À quelques jours de l’audience qui doit décider du maintien ou non du Nissa Rugby en Pro D2, la pression monte autour du club azuréen. Après l’appel lancé cette semaine par les joueurs, le maire de Nice, Éric Ciotti, a pris la parole pour rappeler les efforts consentis par la municipalité tout en renvoyant les dirigeants et les actionnaires à leurs responsabilités.
Le club doit toujours présenter les garanties financières exigées par l’Autorité de régulation du rugby lors de son passage en appel, prévu en début de semaine prochaine.
La mairie affirme avoir atteint ses limites
Interrogé par ICI Azur, Éric Ciotti assure que la Ville de Nice ne peut pas augmenter davantage son soutien financier.
Le maire rappelle l’importance des engagements déjà pris par la collectivité.
« Nous sommes allés jusqu’au maximum de l’effort que nous pouvons consentir. Nous sommes prêts à engager 3,5 millions d’euros pour le Nissa Rugby, ce qui est une somme considérable. »
Il souligne également que la municipalité financera la future tribune d’hospitalités du stade, un investissement estimé à 10 millions d’euros.

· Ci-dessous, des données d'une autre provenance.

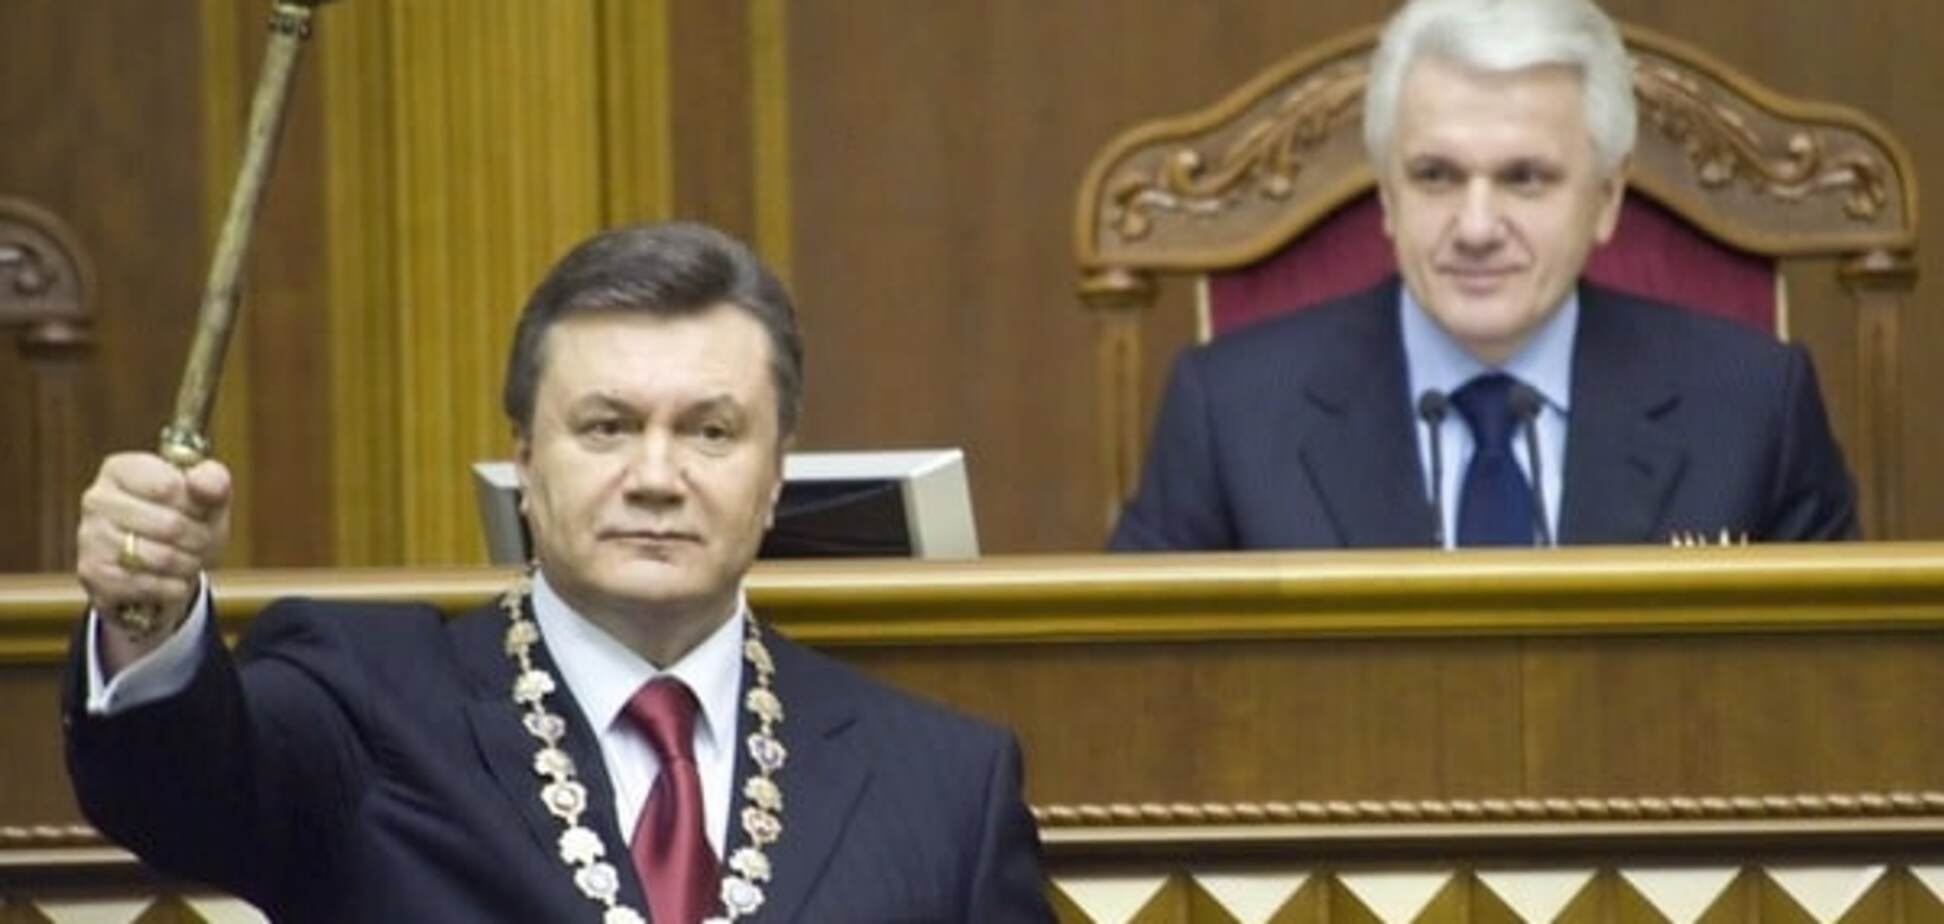 'Черная бухгалтерия' доказывает, что Янукович 'украл' победу Тимошенко в 2010 году - политологи

« Bâtir un budget responsable »
Pour Éric Ciotti, la survie du club passe désormais par une gestion plus rigoureuse de ses finances.
Le maire estime que les dirigeants doivent désormais prendre leurs responsabilités.
« Nous attendons maintenant de l’actionnaire et du président du club une position responsable : d’abord un engagement et de bâtir un budget responsable, car derrière il y a beaucoup d’argent public dont je suis comptable et je ne ferai pas n’importe quoi. »
La politique salariale directement pointée du doigt
Le maire de Nice s’est également montré très clair sur un point : selon lui, certains salaires devront être revus pour permettre au club de présenter un budget viable.
Éric Ciotti appelle à des efforts sur la masse salariale.
« Il y a un effort à faire sur certains salaires démesurés dans le club. Ils doivent être regardés afin de trouver un budget plus raisonnable. »
Une audience décisive en début de semaine
Ces déclarations interviennent dans un contexte particulièrement tendu. Malgré les 2,5 millions d’euros déjà apportés par l’actionnaire, le Nissa Rugby chercherait encore près de 2 millions d’euros afin de satisfaire aux exigences financières imposées par le gendarme du rugby français.
L’audience en appel, programmée mardi 4 ou mercredi 5 août, sera déterminante pour savoir si le club niçois pourra conserver sa montée en Pro D2 ou s’il devra renoncer à évoluer dans l’antichambre du Top 14.